The broadest effort yet to do that will be announced today by a consortium pledging to invest $30 million over four years in an international plaque research program that will be overseen by Dr. Valentin Fuster, a cardiologist at Mount Sinai Medical Center in New York.

The initial sponsors include Humana, a leading manager of health plans; AstraZeneca and Merck, from the drug industry; and BG Medicine, a start-up company in Waltham, Mass., formerly known as Beyond Genomics. Royal Philips Electronics, which makes a variety of diagnostic machines widely used to scan the heart, the arteries that supply it with blood and other parts of the circulatory system, has participated in the planning and is expected to join them.

The centerpiece of the research will be a study of 4,000 to 6,000 Humana patients with at least two known risk factors for heart attacks. As the outcome for the patients becomes clear over the next few years, researchers hope the profiles that emerge from the study will, in hindsight, show patterns pointing directly to the high-risk patients who actually suffered heart attacks. That in turn could help the companies create new therapeutic products.

The payoff could be enormous for health care companies. Coronary stents, which limit the symptoms of atherosclerosis and the damage from heart attacks, but do not reduce the likelihood of future attacks, make up a $6 billion market for device makers and produce some of the biggest profit margins the industry has ever seen.

Drug makers have fared even better with statins, which partially reduce the risk of new attacks and top $20 billion in worldwide sales.

“How we treat the disease is up for grabs,” said Andrew S. Plump, who monitors early-stage research on warning signs and new medicines for cardiovascular disease at Merck’s research center in Rahway, N.J.

The initiative spotlights the growing lineup of research projects and technology investments that reflect competition between drug makers and device companies over who can develop the safest, most effective and cheapest products to combat atherosclerosis.

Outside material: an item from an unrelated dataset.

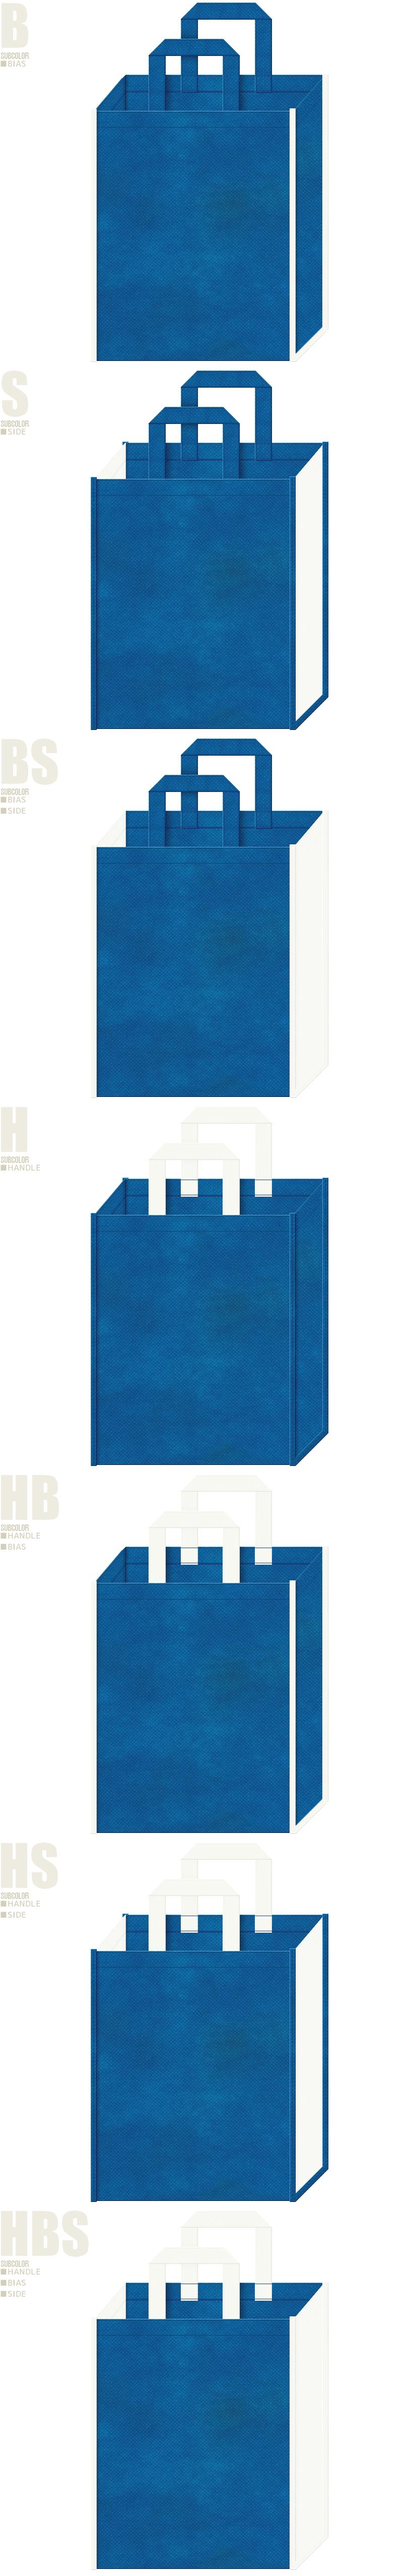 青色とオフホワイト色-7パターンの不織布トートバッグ配色デザイン例

This summer, doctors financed by Abbott Laboratories finished enrolling 700 patients in a clinical study that is identifying the type and location of plaque in coronary arteries. Researchers are using ultrasound probes and other devices mounted at the end of long catheters. The catheters are inserted into the thigh and pushed carefully up into the coronary arteries, the same procedure used to clear blockages in angioplasty and to implant stents.

There are some doubts, however, that better understanding of vulnerable plaques will do much to improve preventive therapy, particularly that with devices. Atherosclerosis attacks the entire circulatory system, so skeptics predict that visions of stenting to reinforce thin-capped reservoirs of dangerous plaque would lead to a losing game of medical whack-a-mole — fixing one trouble spot, then finding many others.

“Multiple studies show that if you have one ruptured plaque, you have many,” said Dr. Steven E. Nissen, a Cleveland Clinic cardiologist and the current president of the American College of Cardiology.